All that venom...no bueno.

And I'm not scared of snakes or anything! Just Gaboons.


----------



## jeffbens0n (Apr 25, 2012)

Cool pics. How big is that aquarium the alligator snappers are in? It looks like the tank is only as wide as they are long!


----------



## StudentoftheReptile (Apr 25, 2012)

jeffbens0n said:


> Cool pics. How big is that aquarium the alligator snappers are in? It looks like the tank is only as wide as they are long!



It was longer, but regrettably not much wider than what you see in the photo. I was not impressed with the state of some of the exhibits there. I wrote a very lengthy complaint to the manager shortly after visiting, comparing my observations to my first visit many years before.


----------



## tortadise (Apr 25, 2012)

Nice. Yeah I agree with Gaborone. And rhino vipers. Scary venom potency.


----------



## wellington (Apr 25, 2012)

StudentoftheReptile said:


> jeffbens0n said:
> 
> 
> > Cool pics. How big is that aquarium the alligator snappers are in? It looks like the tank is only as wide as they are long!
> ...



Good for you. I was actually going to see if I could get a phone number or address. Not impressed at all with the snappers aquarium or the pyramiding on the leopard. I am sure there is more that we can't see in the pics. A place like that is suppose to know better, or at least should. If you can, keep on them and see if they make some changes for the good. A little nice pressure can sometimes do wonders.


----------



## ALDABRAMAN (Apr 25, 2012)

Nice, you do take great pictures.


----------



## StudentoftheReptile (Apr 26, 2012)

wellington said:


> Good for you. I was actually going to see if I could get a phone number or address. Not impressed at all with the snappers aquarium or the pyramiding on the leopard. I am sure there is more that we can't see in the pics. A place like that is suppose to know better, or at least should. If you can, keep on them and see if they make some changes for the good. A little nice pressure can sometimes do wonders.

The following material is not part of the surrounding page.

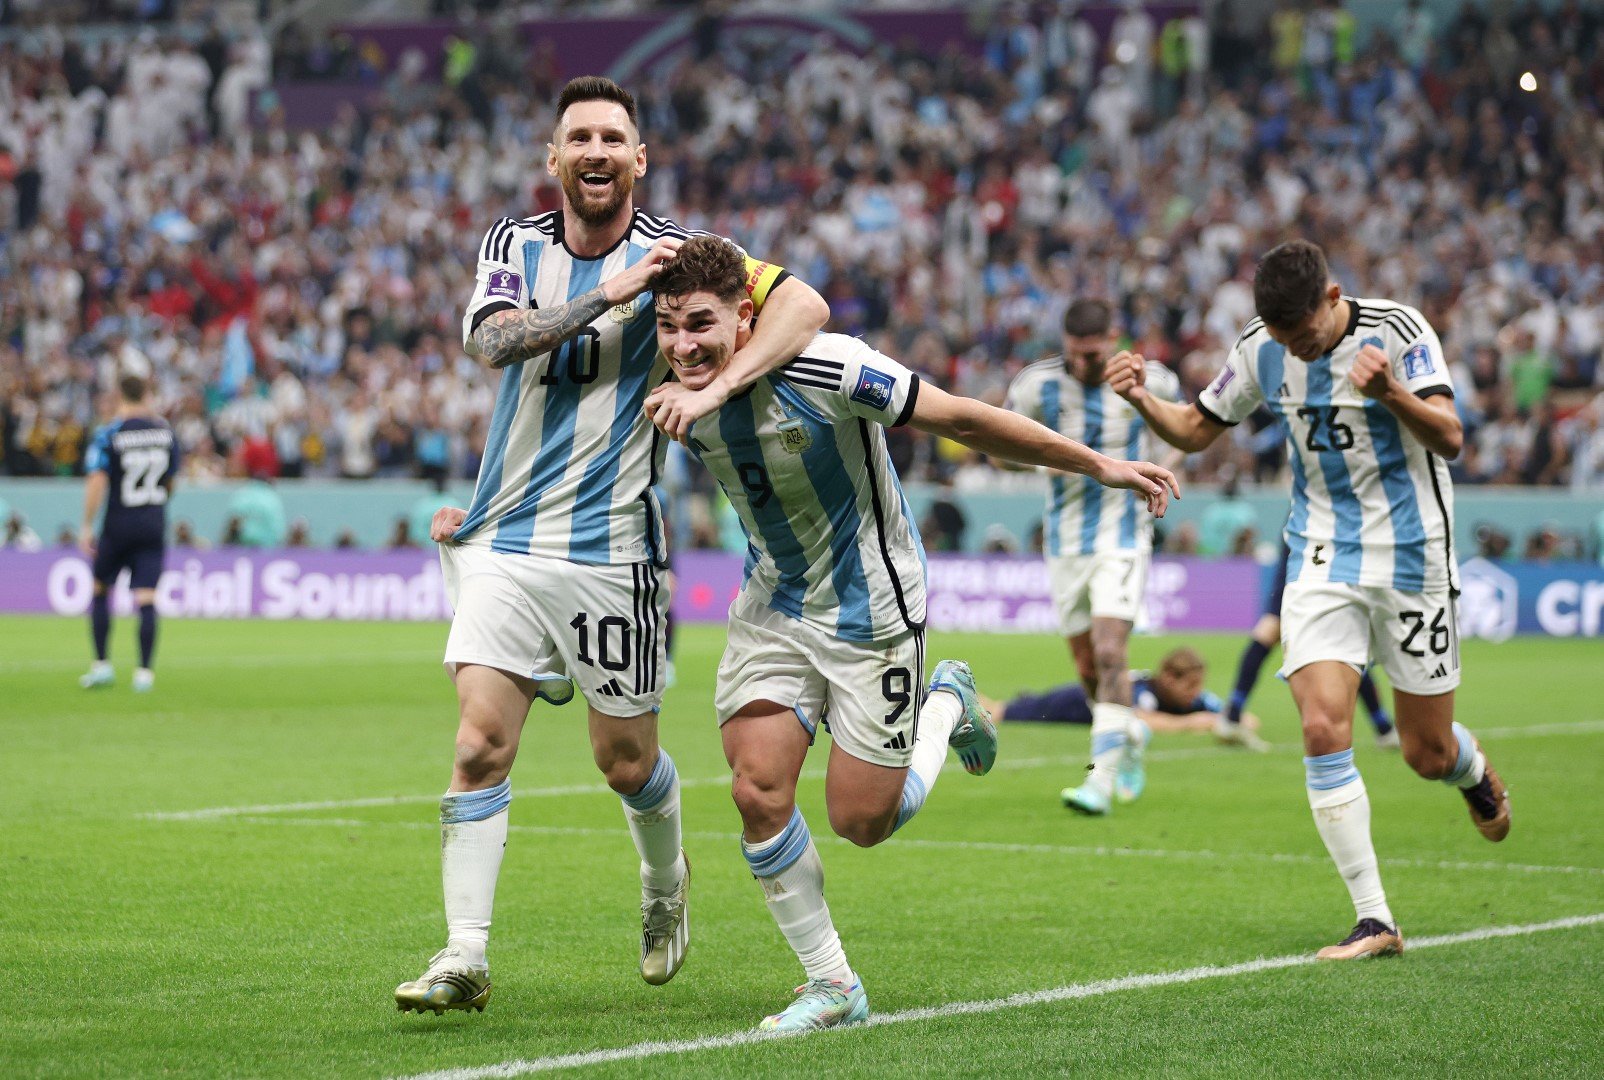 В първия полуфинал Аржентина и Хърватия играха равностоен футбол половин час, преди на сцената да излязат Хулиан Алварес и Лионел Меси. Победата с 3:0 класира гаучосите на големия финал.
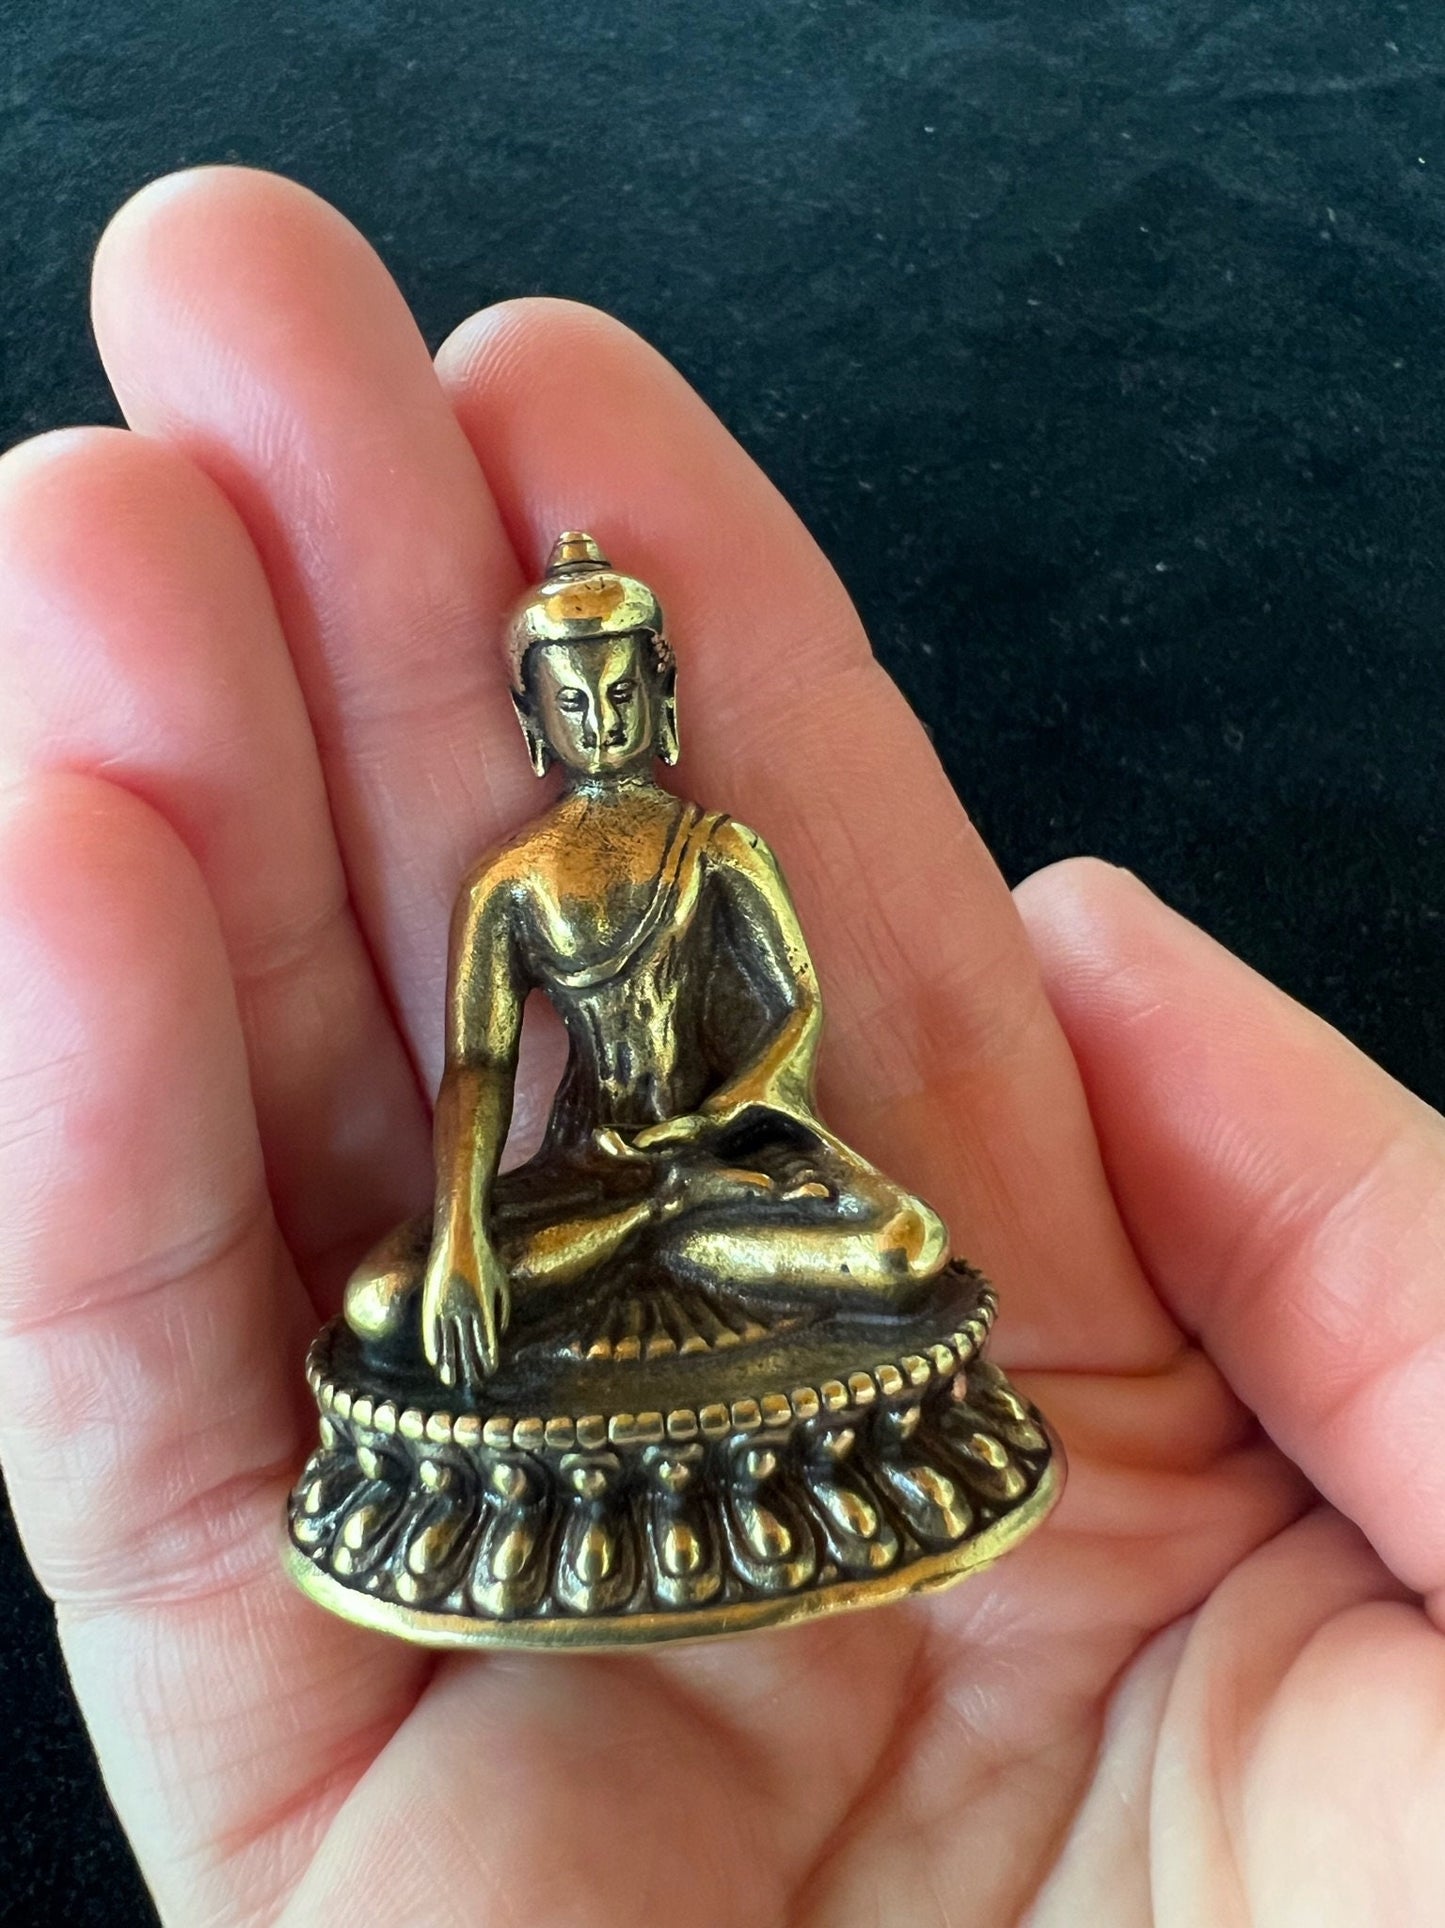 Deluxe Small Buddha Shakyamuni Statue | Handmade |1.85 inches

This was back in 2009, during our honeymoon actually! It's about an 8 hr drive from me now, so regrettably, I don't have a way of checking up on it. Wish I did though.

I kinda wish I had stayed there and talked to a manager in person and shown them point by point the issues I saw. But I didn't, and I ended up waiting til I got back to our suite to gather my thoughts and write an email outlining my observations. The manager had replied back to me that they had recently lost a handful of their regular fulltime staff at that time, and apologized deeply for the state of things. 

But if anyone finds themselves in the Sieverville/Pigeon Forge/Gatlinburg area any time soon, you may want to include this in your trip. All in all, not a horrible place, but just needed some work. I will have to say, that despite some of the issues with care I saw, all the animals looked in reasonably good health.


----------